→ Exercise
Transcribe this listing exactly; omit the pictures.
*** Opening Data segment ***
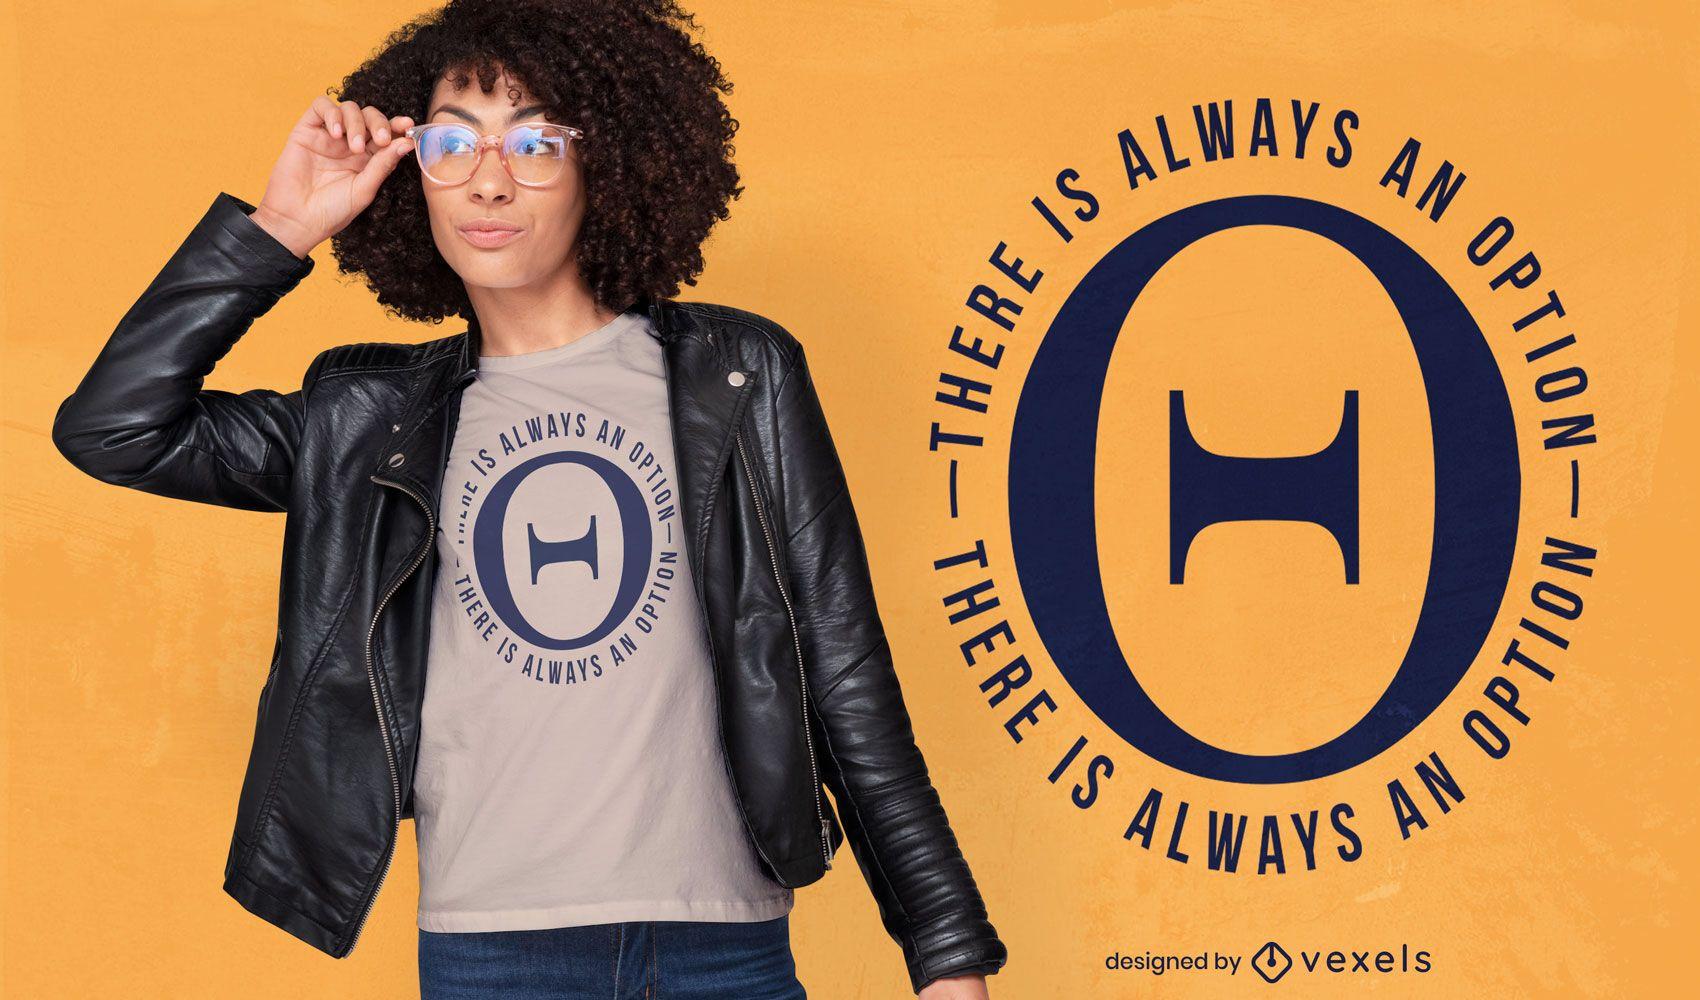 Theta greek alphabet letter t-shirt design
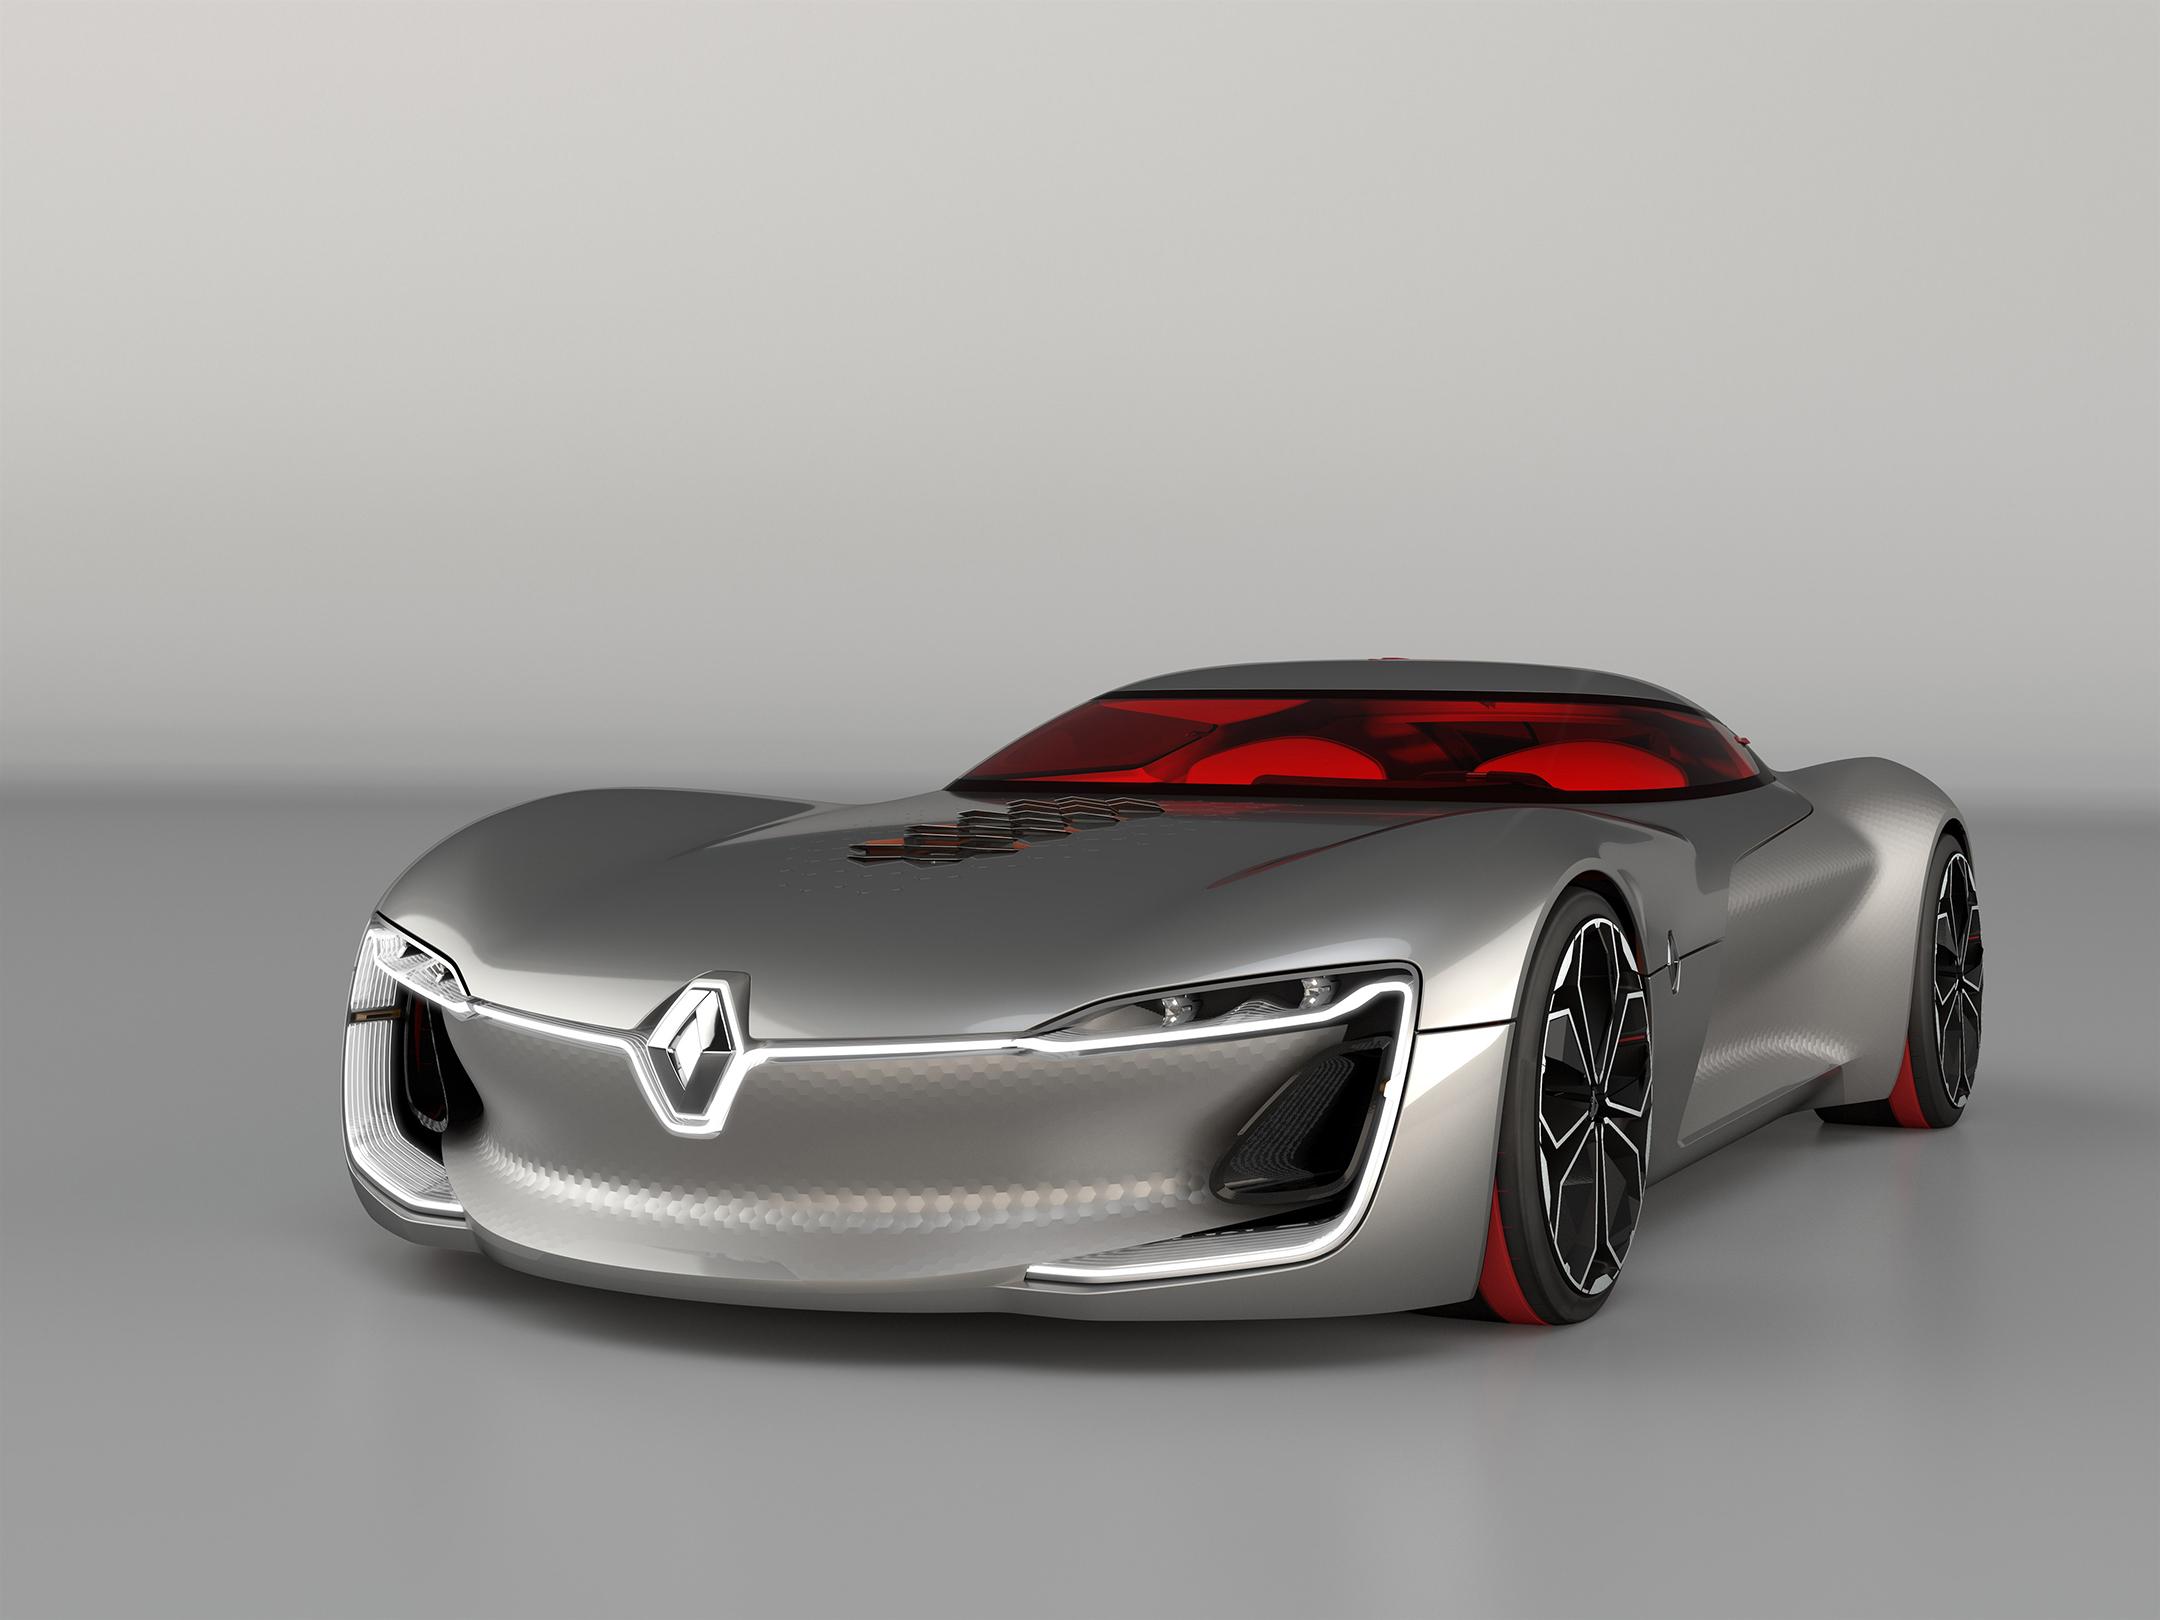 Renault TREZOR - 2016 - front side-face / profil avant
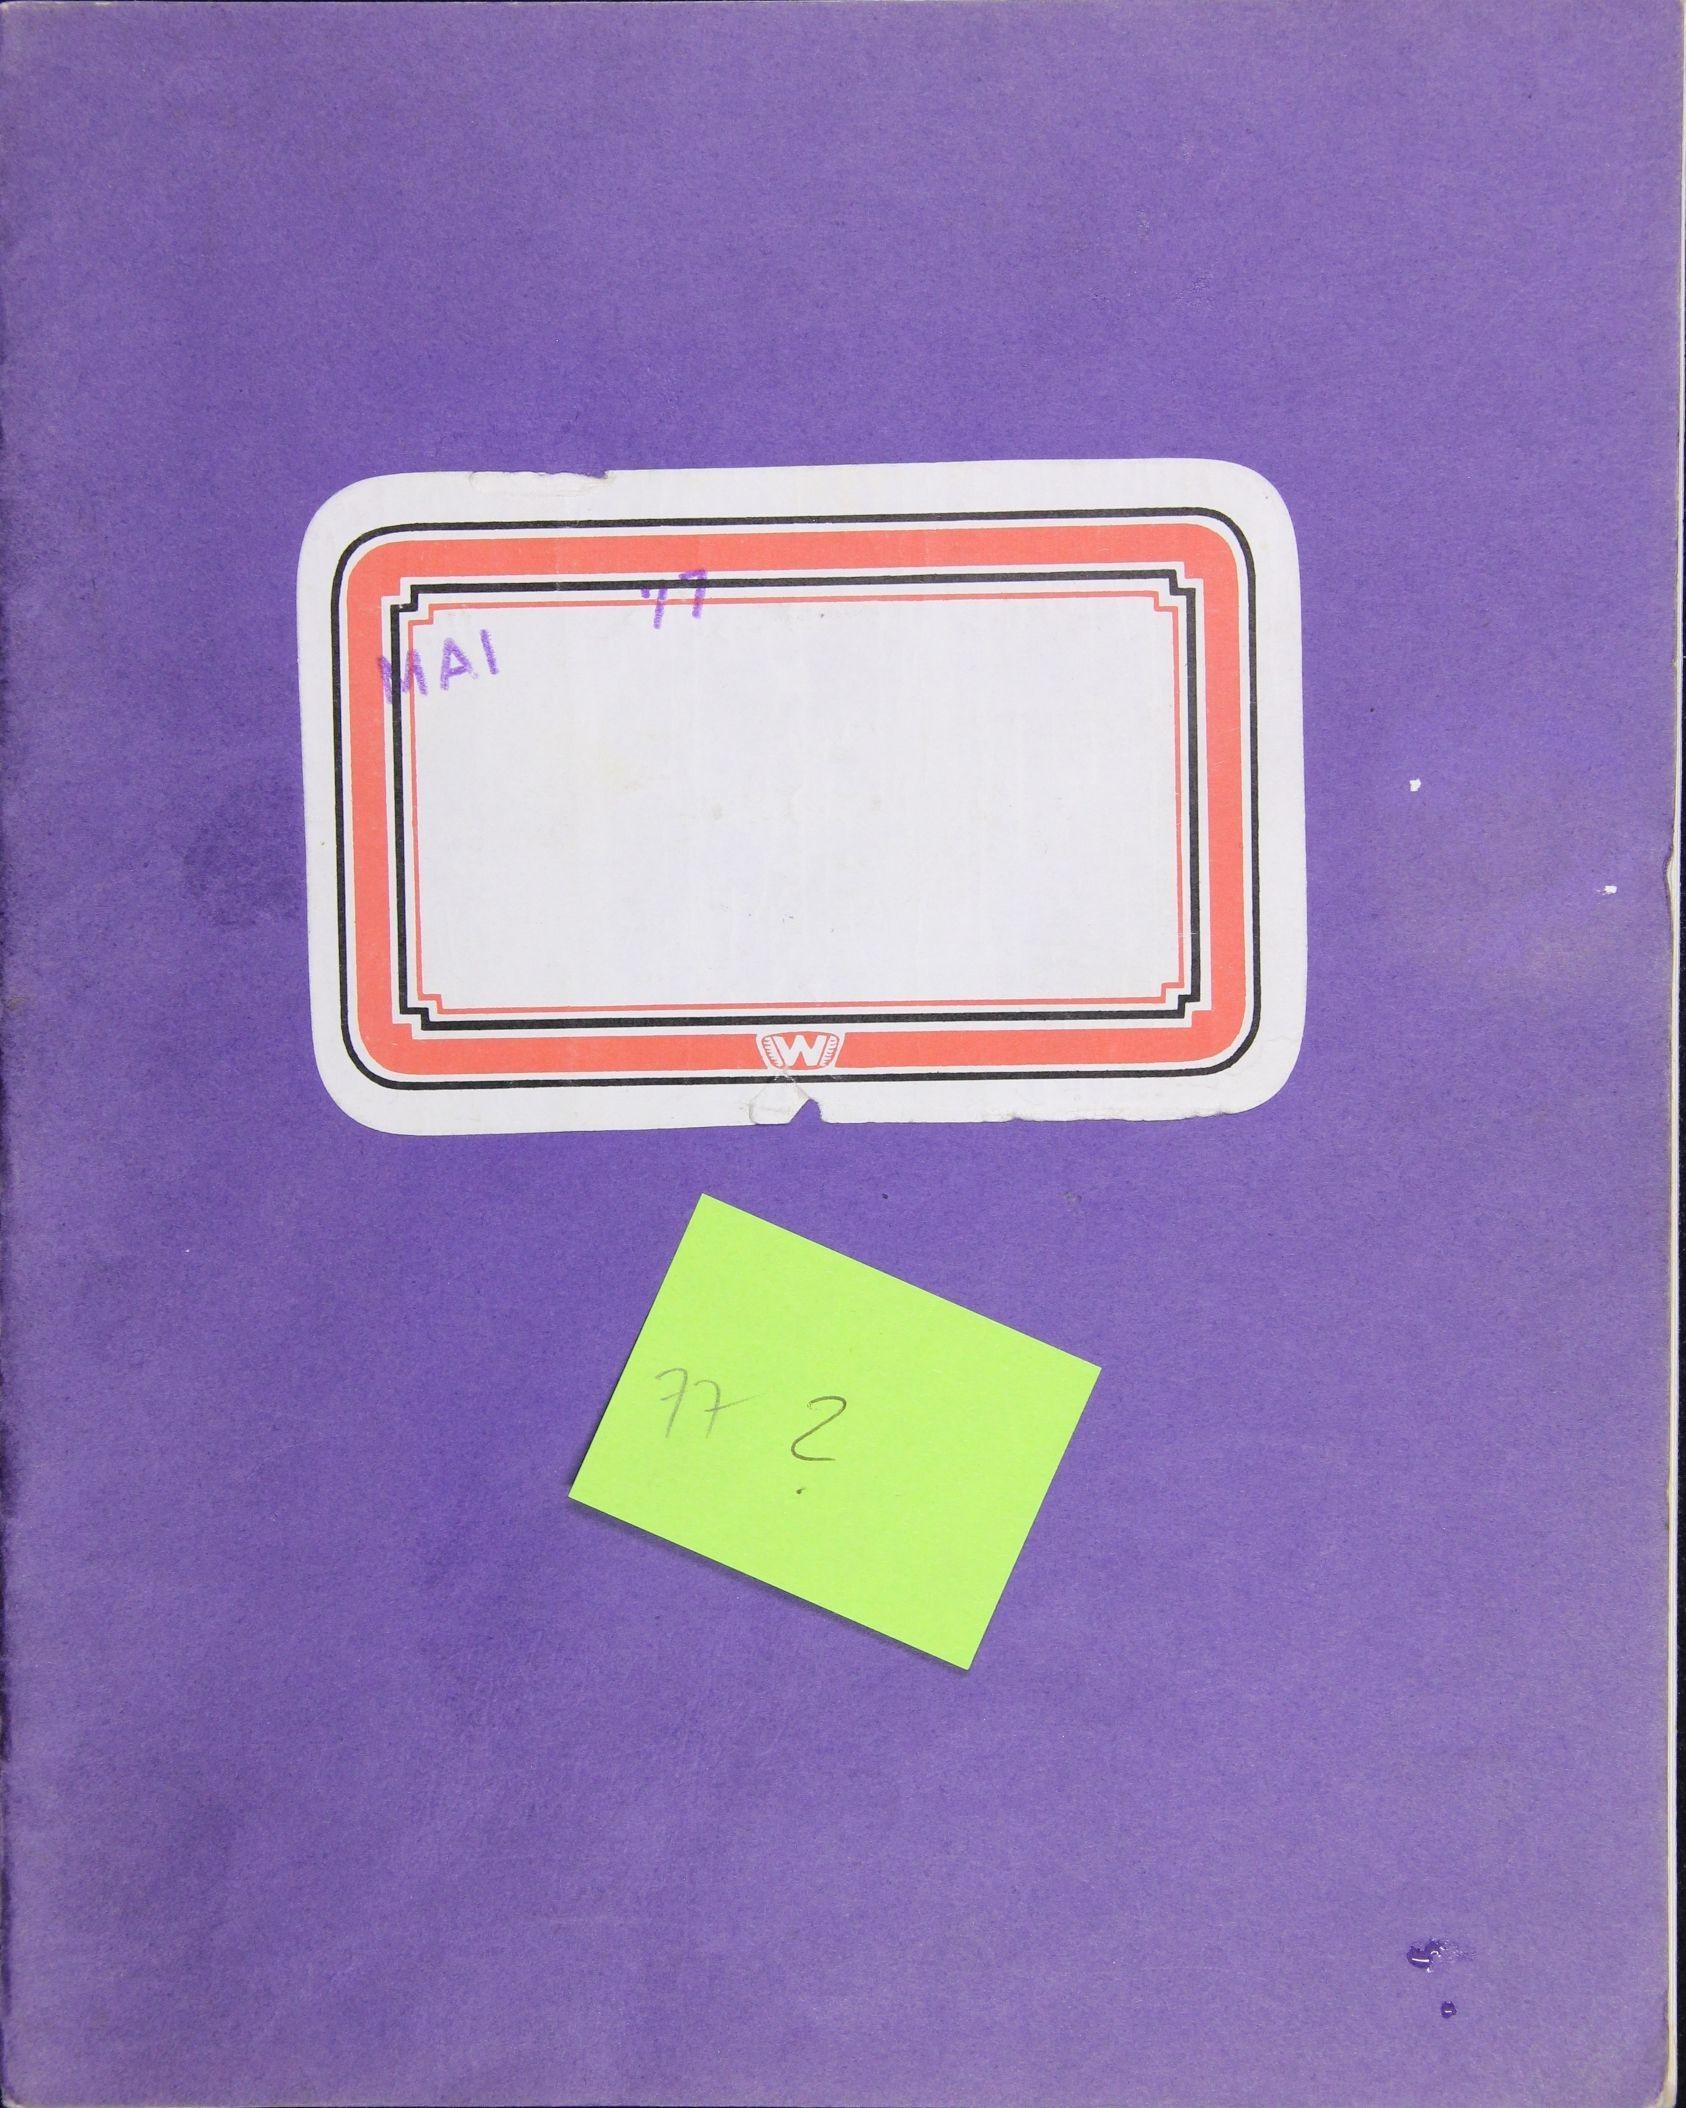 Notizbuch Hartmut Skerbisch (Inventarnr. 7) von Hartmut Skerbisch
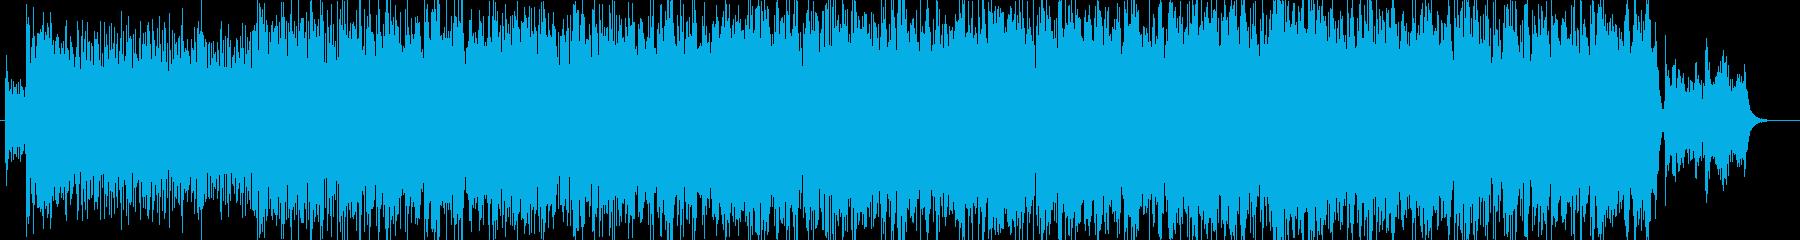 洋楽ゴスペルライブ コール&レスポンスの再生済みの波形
*** Closing Data segment ***
→ Answer space
 Theta greek alphabet letter t-shirt design
 Renault TREZOR - 2016 - front side-face / profil avant
 Notizbuch Hartmut Skerbisch (Inventarnr. 7) von Hartmut Skerbisch
 洋楽ゴスペルライブ コール&レスポンスの再生済みの波形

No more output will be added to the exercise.